Dataset extract:
== Segment start ==

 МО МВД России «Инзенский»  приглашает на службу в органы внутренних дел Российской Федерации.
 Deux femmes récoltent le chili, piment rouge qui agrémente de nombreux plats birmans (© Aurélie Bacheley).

== Segment end ==
== Segment start ==

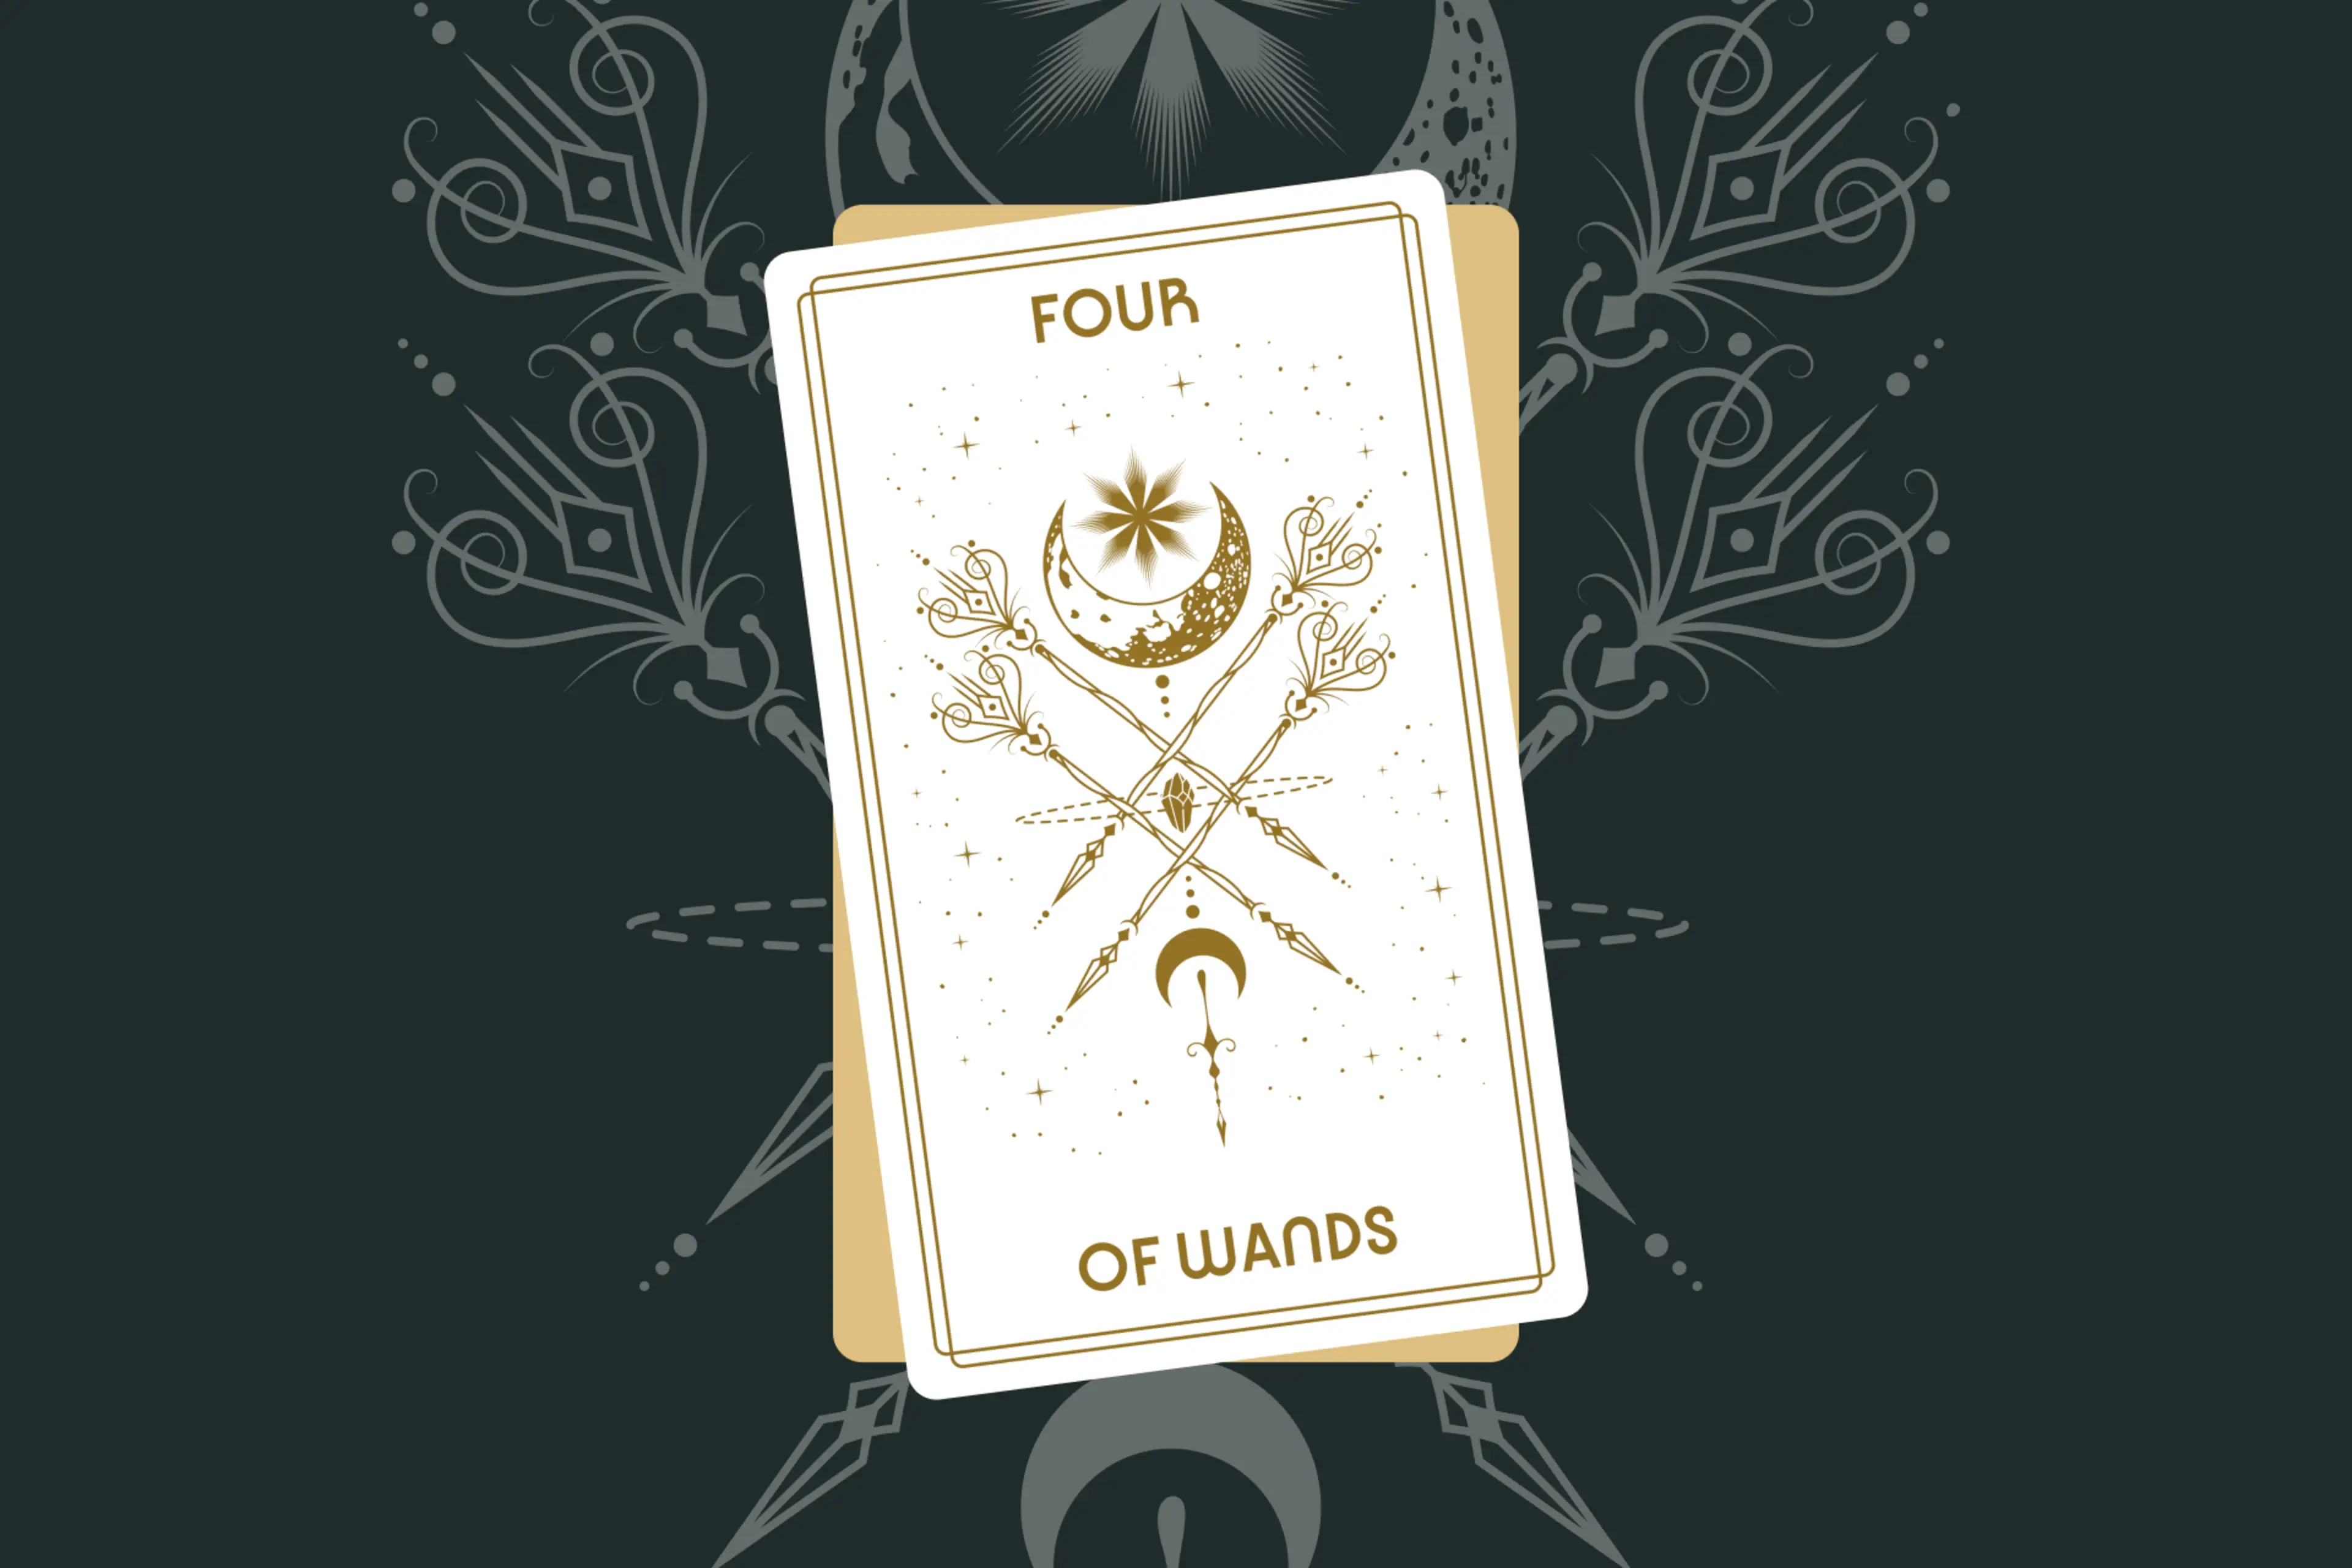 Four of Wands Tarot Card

== Segment end ==
== Segment start ==

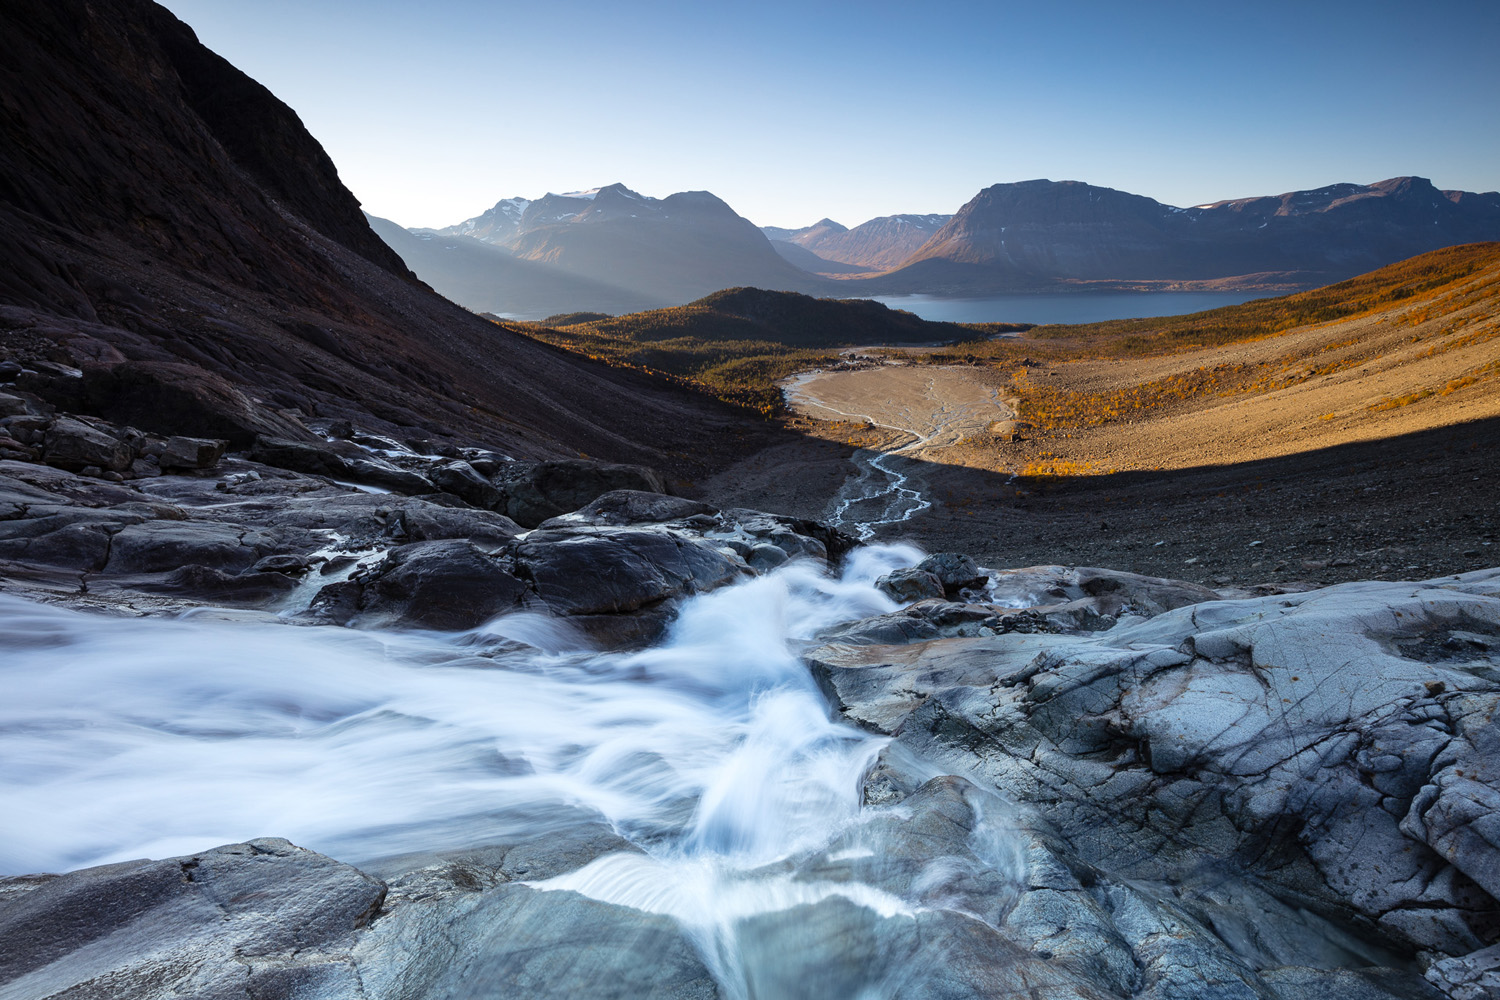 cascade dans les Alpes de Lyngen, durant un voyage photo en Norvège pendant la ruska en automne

== Segment end ==

What to work on:
Using the entries above, repeat only the lines from the one containing "МО МВД России" through the one containing "Deux femmes récoltent", end lines included.

Your solution:
 МО МВД России «Инзенский»  приглашает на службу в органы внутренних дел Российской Федерации.
 Deux femmes récoltent le chili, piment rouge qui agrémente de nombreux plats birmans (© Aurélie Bacheley).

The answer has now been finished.